_Work order_
Your task is to give the entries back exactly, leaving nothing out.

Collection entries
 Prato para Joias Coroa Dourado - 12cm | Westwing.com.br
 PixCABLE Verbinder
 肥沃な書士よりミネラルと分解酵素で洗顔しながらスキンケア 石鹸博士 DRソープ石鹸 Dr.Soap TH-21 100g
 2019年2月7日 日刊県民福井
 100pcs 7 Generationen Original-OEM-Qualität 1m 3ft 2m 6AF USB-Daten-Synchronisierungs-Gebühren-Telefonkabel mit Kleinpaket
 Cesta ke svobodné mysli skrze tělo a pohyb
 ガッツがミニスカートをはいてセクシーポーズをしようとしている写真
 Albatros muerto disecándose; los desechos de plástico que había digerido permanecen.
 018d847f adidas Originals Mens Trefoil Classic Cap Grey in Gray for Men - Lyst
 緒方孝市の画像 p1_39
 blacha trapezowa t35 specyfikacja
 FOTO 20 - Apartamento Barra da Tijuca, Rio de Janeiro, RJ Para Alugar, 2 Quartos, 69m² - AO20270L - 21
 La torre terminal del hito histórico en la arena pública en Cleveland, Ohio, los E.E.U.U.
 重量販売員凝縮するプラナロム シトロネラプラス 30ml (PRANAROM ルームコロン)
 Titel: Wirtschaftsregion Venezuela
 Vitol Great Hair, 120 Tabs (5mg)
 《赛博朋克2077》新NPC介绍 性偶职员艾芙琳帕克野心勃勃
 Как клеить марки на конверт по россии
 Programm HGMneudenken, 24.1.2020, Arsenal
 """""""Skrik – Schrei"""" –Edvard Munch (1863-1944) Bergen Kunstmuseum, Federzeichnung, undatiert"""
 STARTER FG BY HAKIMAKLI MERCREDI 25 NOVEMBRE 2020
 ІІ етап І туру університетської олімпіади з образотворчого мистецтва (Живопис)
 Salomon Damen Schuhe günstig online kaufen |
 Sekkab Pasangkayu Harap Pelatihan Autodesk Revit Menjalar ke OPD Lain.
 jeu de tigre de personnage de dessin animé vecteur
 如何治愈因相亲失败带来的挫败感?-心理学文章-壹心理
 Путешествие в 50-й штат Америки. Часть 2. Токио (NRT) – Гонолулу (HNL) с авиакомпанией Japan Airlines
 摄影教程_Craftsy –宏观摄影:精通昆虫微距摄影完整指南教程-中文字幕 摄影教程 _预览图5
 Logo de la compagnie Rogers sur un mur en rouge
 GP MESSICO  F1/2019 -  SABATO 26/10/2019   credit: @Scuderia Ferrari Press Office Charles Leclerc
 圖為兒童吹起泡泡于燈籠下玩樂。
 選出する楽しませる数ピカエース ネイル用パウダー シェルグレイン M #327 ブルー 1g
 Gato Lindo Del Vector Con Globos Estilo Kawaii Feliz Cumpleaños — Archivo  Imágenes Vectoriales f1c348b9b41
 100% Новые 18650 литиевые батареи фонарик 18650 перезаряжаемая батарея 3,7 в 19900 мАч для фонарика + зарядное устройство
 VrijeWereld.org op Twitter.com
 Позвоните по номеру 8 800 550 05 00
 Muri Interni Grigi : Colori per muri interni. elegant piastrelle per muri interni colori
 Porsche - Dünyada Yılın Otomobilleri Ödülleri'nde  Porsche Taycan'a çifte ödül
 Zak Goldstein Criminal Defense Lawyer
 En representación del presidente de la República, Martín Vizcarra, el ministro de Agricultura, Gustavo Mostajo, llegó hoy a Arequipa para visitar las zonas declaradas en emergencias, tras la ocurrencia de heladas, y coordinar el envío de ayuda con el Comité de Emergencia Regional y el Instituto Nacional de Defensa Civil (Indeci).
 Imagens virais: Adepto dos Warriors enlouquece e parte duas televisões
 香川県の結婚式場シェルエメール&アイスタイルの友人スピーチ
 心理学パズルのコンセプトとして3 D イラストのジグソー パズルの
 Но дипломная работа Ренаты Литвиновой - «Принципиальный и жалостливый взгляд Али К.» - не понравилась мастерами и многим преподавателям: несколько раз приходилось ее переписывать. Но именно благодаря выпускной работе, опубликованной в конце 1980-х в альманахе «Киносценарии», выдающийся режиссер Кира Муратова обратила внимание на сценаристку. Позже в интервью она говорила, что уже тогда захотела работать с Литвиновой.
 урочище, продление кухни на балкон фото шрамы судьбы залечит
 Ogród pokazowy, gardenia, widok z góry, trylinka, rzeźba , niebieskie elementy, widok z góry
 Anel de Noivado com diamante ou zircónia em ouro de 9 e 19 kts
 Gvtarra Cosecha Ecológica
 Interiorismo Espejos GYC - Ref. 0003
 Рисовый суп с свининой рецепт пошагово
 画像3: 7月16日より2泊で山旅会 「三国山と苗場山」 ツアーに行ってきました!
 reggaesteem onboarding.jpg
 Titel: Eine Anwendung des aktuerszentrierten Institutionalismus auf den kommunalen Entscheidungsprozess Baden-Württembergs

_Task solution_
 Prato para Joias Coroa Dourado - 12cm | Westwing.com.br
 PixCABLE Verbinder
 肥沃な書士よりミネラルと分解酵素で洗顔しながらスキンケア 石鹸博士 DRソープ石鹸 Dr.Soap TH-21 100g
 2019年2月7日 日刊県民福井
 100pcs 7 Generationen Original-OEM-Qualität 1m 3ft 2m 6AF USB-Daten-Synchronisierungs-Gebühren-Telefonkabel mit Kleinpaket
 Cesta ke svobodné mysli skrze tělo a pohyb
 ガッツがミニスカートをはいてセクシーポーズをしようとしている写真
 Albatros muerto disecándose; los desechos de plástico que había digerido permanecen.
 018d847f adidas Originals Mens Trefoil Classic Cap Grey in Gray for Men - Lyst
 緒方孝市の画像 p1_39
 blacha trapezowa t35 specyfikacja
 FOTO 20 - Apartamento Barra da Tijuca, Rio de Janeiro, RJ Para Alugar, 2 Quartos, 69m² - AO20270L - 21
 La torre terminal del hito histórico en la arena pública en Cleveland, Ohio, los E.E.U.U.
 重量販売員凝縮するプラナロム シトロネラプラス 30ml (PRANAROM ルームコロン)
 Titel: Wirtschaftsregion Venezuela
 Vitol Great Hair, 120 Tabs (5mg)
 《赛博朋克2077》新NPC介绍 性偶职员艾芙琳帕克野心勃勃
 Как клеить марки на конверт по россии
 Programm HGMneudenken, 24.1.2020, Arsenal
 """""""Skrik – Schrei"""" –Edvard Munch (1863-1944) Bergen Kunstmuseum, Federzeichnung, undatiert"""
 STARTER FG BY HAKIMAKLI MERCREDI 25 NOVEMBRE 2020
 ІІ етап І туру університетської олімпіади з образотворчого мистецтва (Живопис)
 Salomon Damen Schuhe günstig online kaufen |
 Sekkab Pasangkayu Harap Pelatihan Autodesk Revit Menjalar ke OPD Lain.
 jeu de tigre de personnage de dessin animé vecteur
 如何治愈因相亲失败带来的挫败感?-心理学文章-壹心理
 Путешествие в 50-й штат Америки. Часть 2. Токио (NRT) – Гонолулу (HNL) с авиакомпанией Japan Airlines
 摄影教程_Craftsy –宏观摄影:精通昆虫微距摄影完整指南教程-中文字幕 摄影教程 _预览图5
 Logo de la compagnie Rogers sur un mur en rouge
 GP MESSICO  F1/2019 -  SABATO 26/10/2019   credit: @Scuderia Ferrari Press Office Charles Leclerc
 圖為兒童吹起泡泡于燈籠下玩樂。
 選出する楽しませる数ピカエース ネイル用パウダー シェルグレイン M #327 ブルー 1g
 Gato Lindo Del Vector Con Globos Estilo Kawaii Feliz Cumpleaños — Archivo  Imágenes Vectoriales f1c348b9b41
 100% Новые 18650 литиевые батареи фонарик 18650 перезаряжаемая батарея 3,7 в 19900 мАч для фонарика + зарядное устройство
 VrijeWereld.org op Twitter.com
 Позвоните по номеру 8 800 550 05 00
 Muri Interni Grigi : Colori per muri interni. elegant piastrelle per muri interni colori
 Porsche - Dünyada Yılın Otomobilleri Ödülleri'nde  Porsche Taycan'a çifte ödül
 Zak Goldstein Criminal Defense Lawyer
 En representación del presidente de la República, Martín Vizcarra, el ministro de Agricultura, Gustavo Mostajo, llegó hoy a Arequipa para visitar las zonas declaradas en emergencias, tras la ocurrencia de heladas, y coordinar el envío de ayuda con el Comité de Emergencia Regional y el Instituto Nacional de Defensa Civil (Indeci).
 Imagens virais: Adepto dos Warriors enlouquece e parte duas televisões
 香川県の結婚式場シェルエメール&アイスタイルの友人スピーチ
 心理学パズルのコンセプトとして3 D イラストのジグソー パズルの
 Но дипломная работа Ренаты Литвиновой - «Принципиальный и жалостливый взгляд Али К.» - не понравилась мастерами и многим преподавателям: несколько раз приходилось ее переписывать. Но именно благодаря выпускной работе, опубликованной в конце 1980-х в альманахе «Киносценарии», выдающийся режиссер Кира Муратова обратила внимание на сценаристку. Позже в интервью она говорила, что уже тогда захотела работать с Литвиновой.
 урочище, продление кухни на балкон фото шрамы судьбы залечит
 Ogród pokazowy, gardenia, widok z góry, trylinka, rzeźba , niebieskie elementy, widok z góry
 Anel de Noivado com diamante ou zircónia em ouro de 9 e 19 kts
 Gvtarra Cosecha Ecológica
 Interiorismo Espejos GYC - Ref. 0003
 Рисовый суп с свининой рецепт пошагово
 画像3: 7月16日より2泊で山旅会 「三国山と苗場山」 ツアーに行ってきました!
 reggaesteem onboarding.jpg
 Titel: Eine Anwendung des aktuerszentrierten Institutionalismus auf den kommunalen Entscheidungsprozess Baden-Württembergs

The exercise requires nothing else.